Friday, October 26, 2007

Not a great week for the global warming alarmists

Ok, so on the heels of Nature publishing a "Time to ditch Kyoto" piece, another report has appeared online, severely questioning the climate models that form the very basis of the alarmist case. The title of this report is "Why Is Climate Sensitivity So Unpredictable?".

Given that we're constantly told that "the science is settled" and "the debate is over", you might reasonably expect this report to appear only on some evil denier website, maybe exxon.com, am I right?

Actually, no. The report appears in Science.

An excerpt from this report:
The envelope of uncertainty in climate projections has not narrowed appreciably over the past 30 years, despite tremendous increases in computing power, in observations, and in the number of scientists studying the problem (1). This suggests that efforts to reduce uncertainty in climate projections have been impeded either by fundamental gaps in our understanding of the climate system or by some feature (which itself might be well understood) of the system's underlying nature.
Just for review, what were scientists predicting about three decades ago, when their ability to predict future climate was not "appreciably" worse than it is now?

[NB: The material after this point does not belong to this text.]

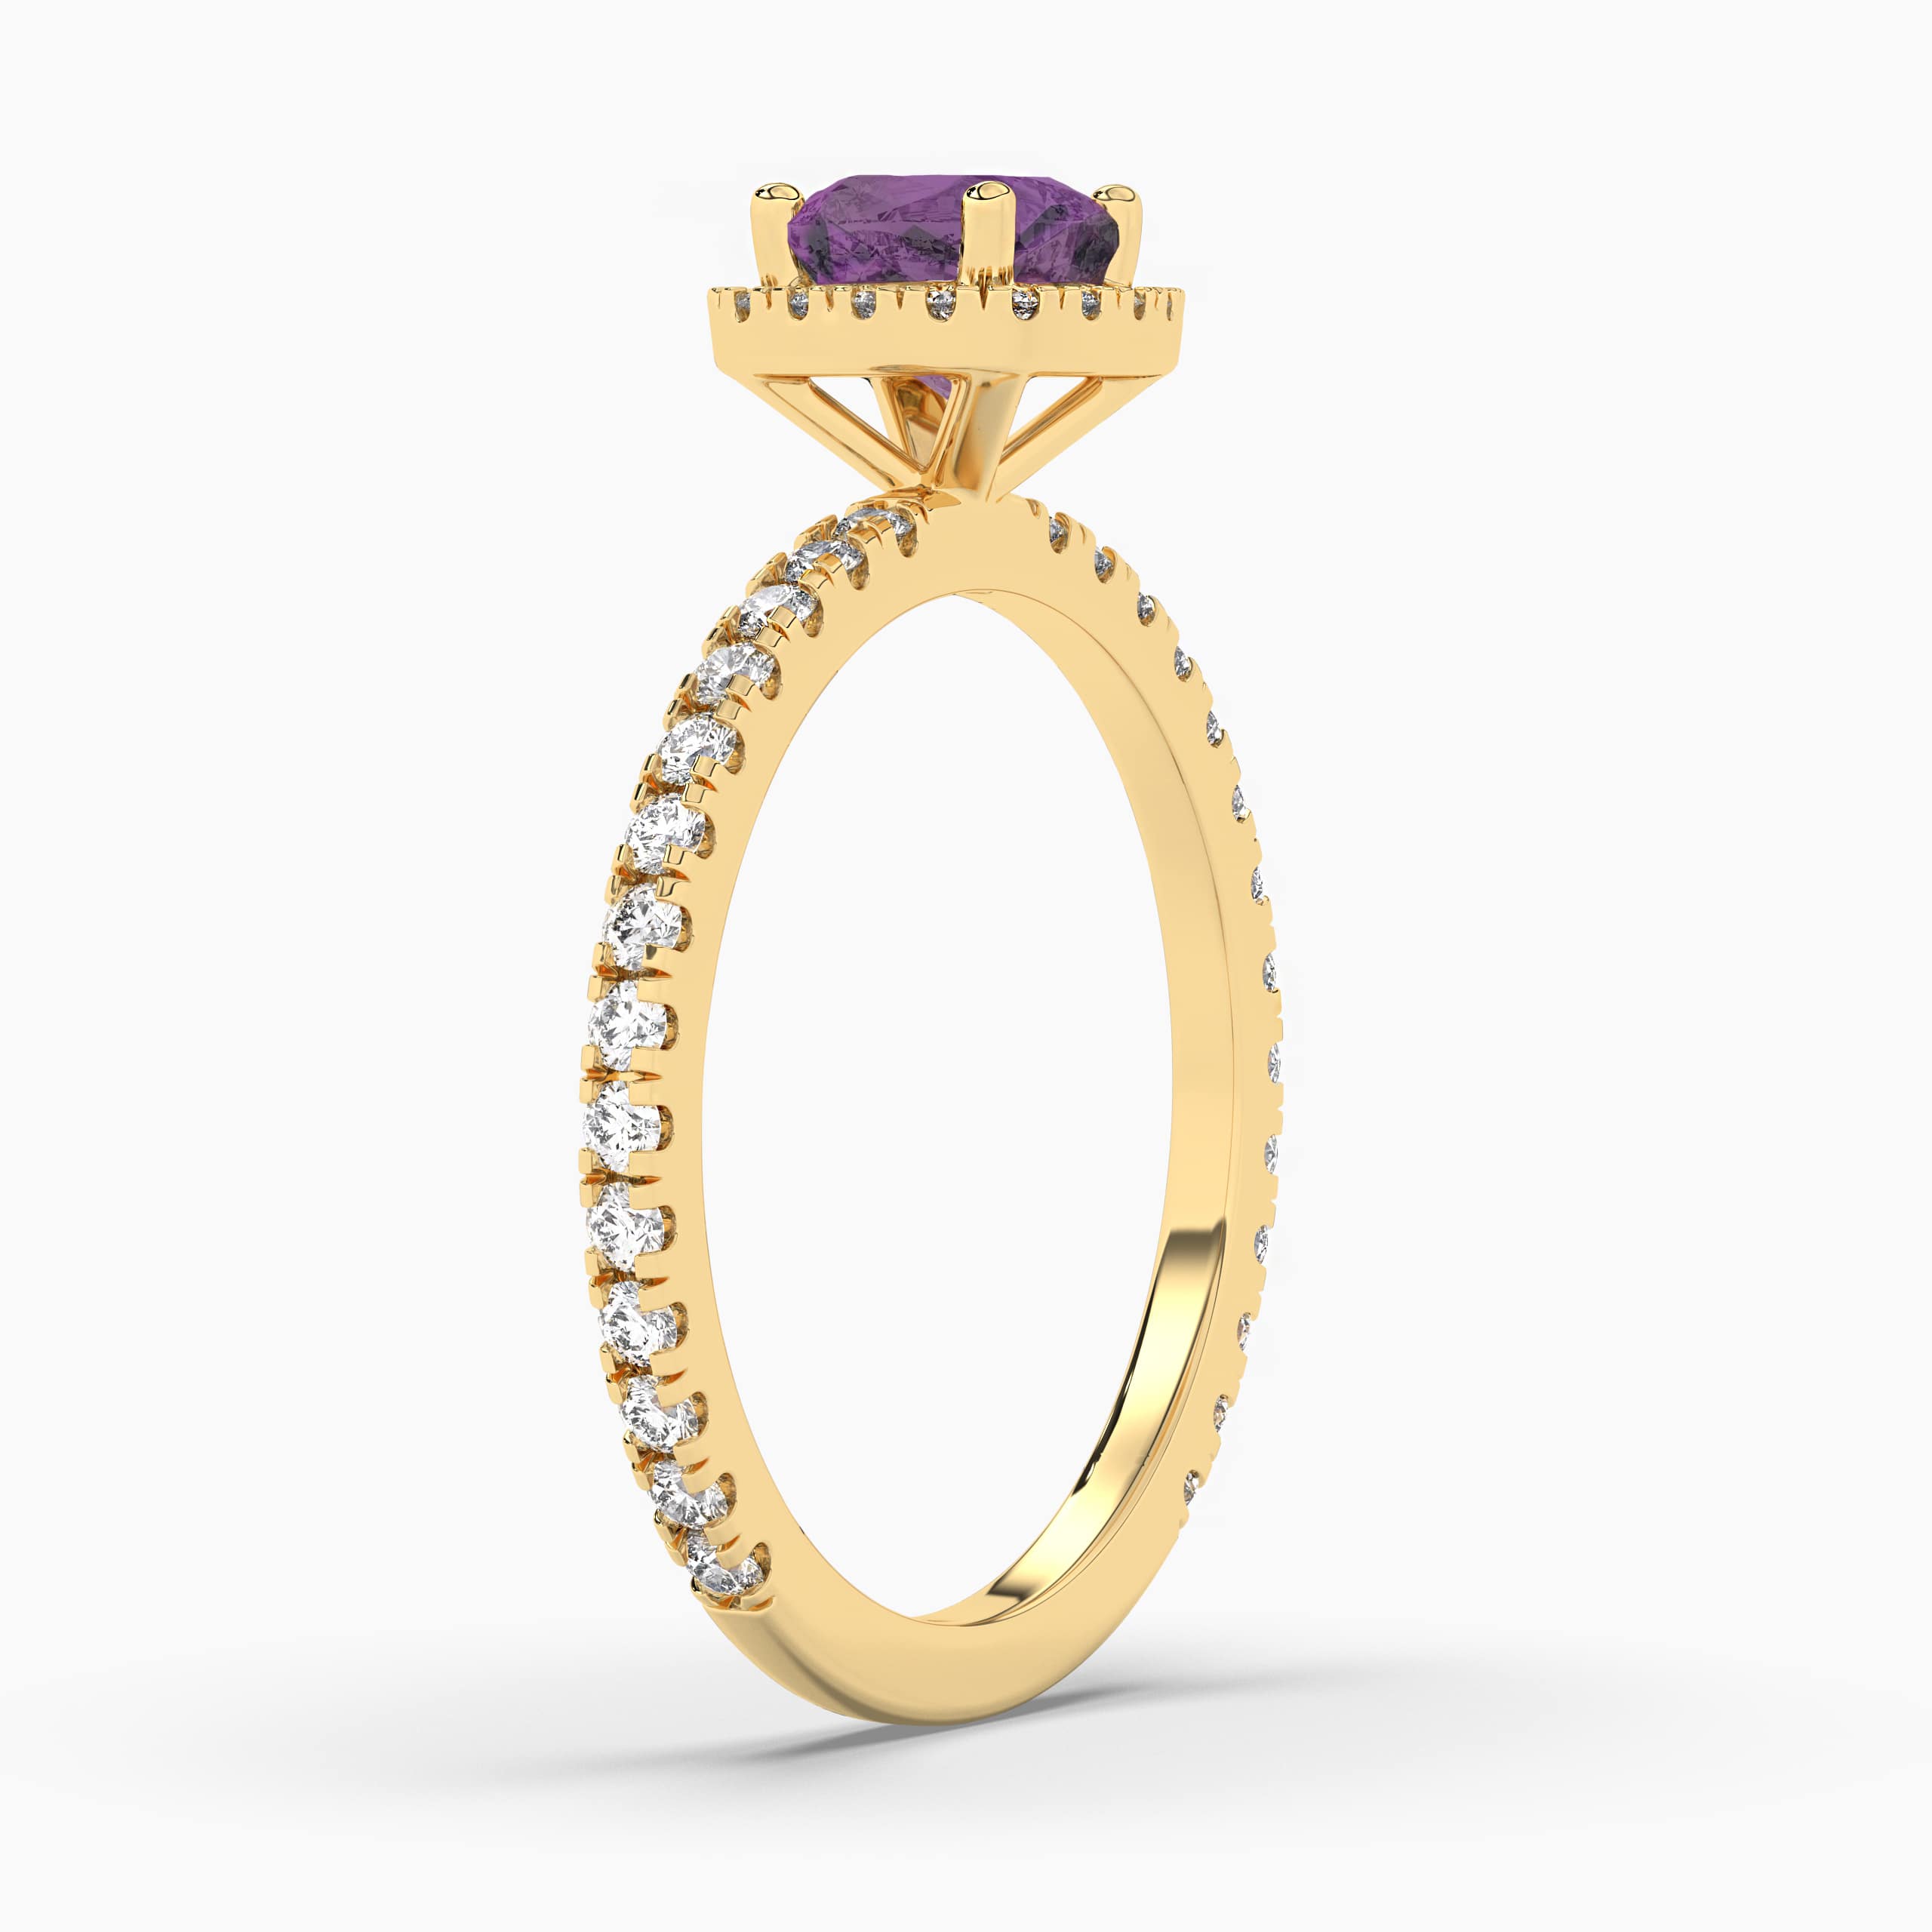 Cushion Cut Amethyst and Diamond Ring in yellow gold

1. In a Washington Post article in 1971, amid a short-term period of global cooling, we were told that dust from burning fossil fuel could trigger a new ice age, with the Earth's temperature falling by six degrees. Another classic quote from the article:
They found no need to worry about the carbon dioxide fuel-burning puts in the atmosphere.
2. In 1975, after some more short-term global cooling, that infamous Newsweek "Cooling World" article appeared.

Another excerpt:
There are ominous signs that the Earth’s weather patterns have begun to change dramatically and that these changes may portend a drastic decline in food production – with serious political implications for just about every nation on Earth. The drop in food output could begin quite soon, perhaps only 10 years from now. The regions destined to feel its impact are the great wheat-producing lands of Canada and the U.S.S.R. in the North, along with a number of marginally self-sufficient tropical areas – parts of India, Pakistan, Bangladesh, Indochina and Indonesia – where the growing season is dependent upon the rains brought by the monsoon.

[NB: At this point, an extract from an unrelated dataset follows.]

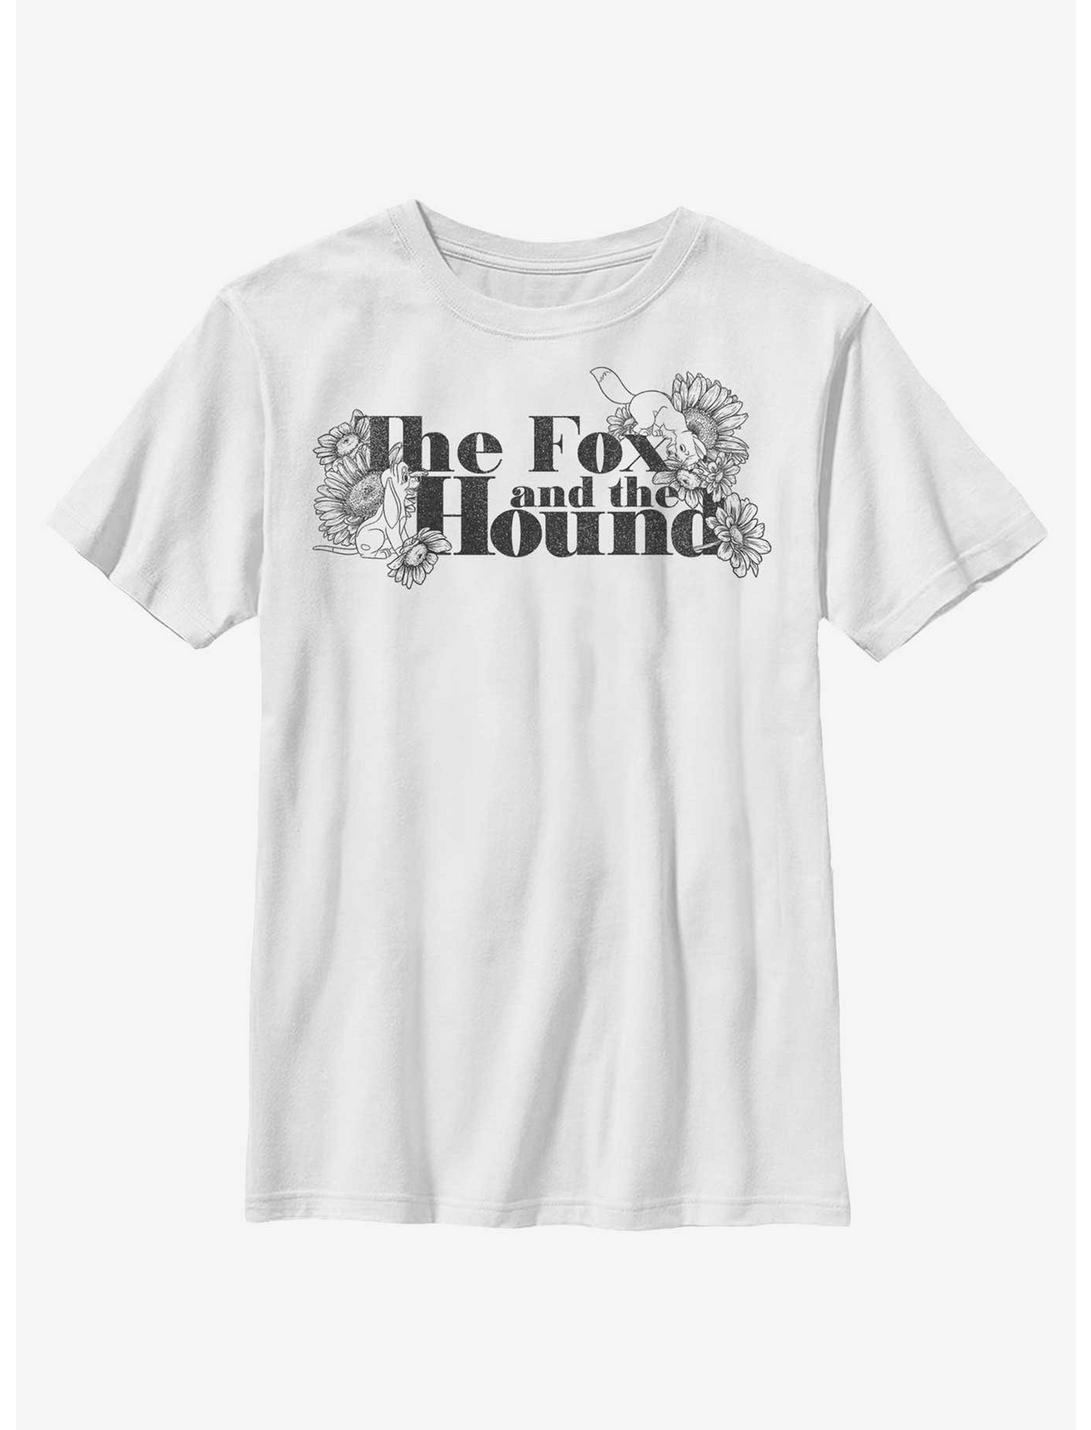 Disney The Fox and the Hound Floral Logo Youth T-Shirt, WHITE, hi-res

The evidence in support of these predictions has now begun to accumulate so massively that meteorologists are hard-pressed to keep up with it. In England, farmers have seen their growing season decline by about two weeks since 1950, with a resultant overall loss in grain production estimated at up to 100,000 tons annually. During the same time, the average temperature around the equator has risen by a fraction of a degree – a fraction that in some areas can mean drought and desolation. Last April, in the most devastating outbreak of tornadoes ever recorded, 148 twisters killed more than 300 people and caused half a billion dollars’ worth of damage in 13 U.S. states.

To scientists, these seemingly disparate incidents represent the advance signs of fundamental changes in the world’s weather. The central fact is that after three quarters of a century of extraordinarily mild conditions, the earth’s climate seems to be cooling down. Meteorologists disagree about the cause and extent of the cooling trend, as well as over its specific impact on local weather conditions. But they are almost unanimous in the view that the trend will reduce agricultural productivity for the rest of the century. If the climatic change is as profound as some of the pessimists fear, the resulting famines could be catastrophic.
The timing of this 1975 cooling panic is particularly humorous, since it occurred immediately before a sudden, dramatic warming that occurred in a one-year period around 1976:
...Brian Hartman and Gerd Wendler of the Alaska-taxpayer-funded Alaska Climate Research Center have written extensively on this subject. They are particularly interested in something called “The Great Pacific Climate Shift,” a sudden and dramatic warming that occurred in a one-year period around 1976.

Here’s what they have written:

When analyzing the total time period from 1951-2001, warming is observed, however the 25-year trend analyses before 1976 (1951-1975) and thereafter (1977-2001) both display cooling.

That’s right. The mean Alaskan temperature has been declining for the last quarter-century. All of the warming is determined by a mysterious, single-year “burp” in Pacific Ocean temperature.

Is that due to human activity? Search the scientific literature for a computer model of human influence on climate that says all our impact occurred at once, in a single year. You won’t find one reference.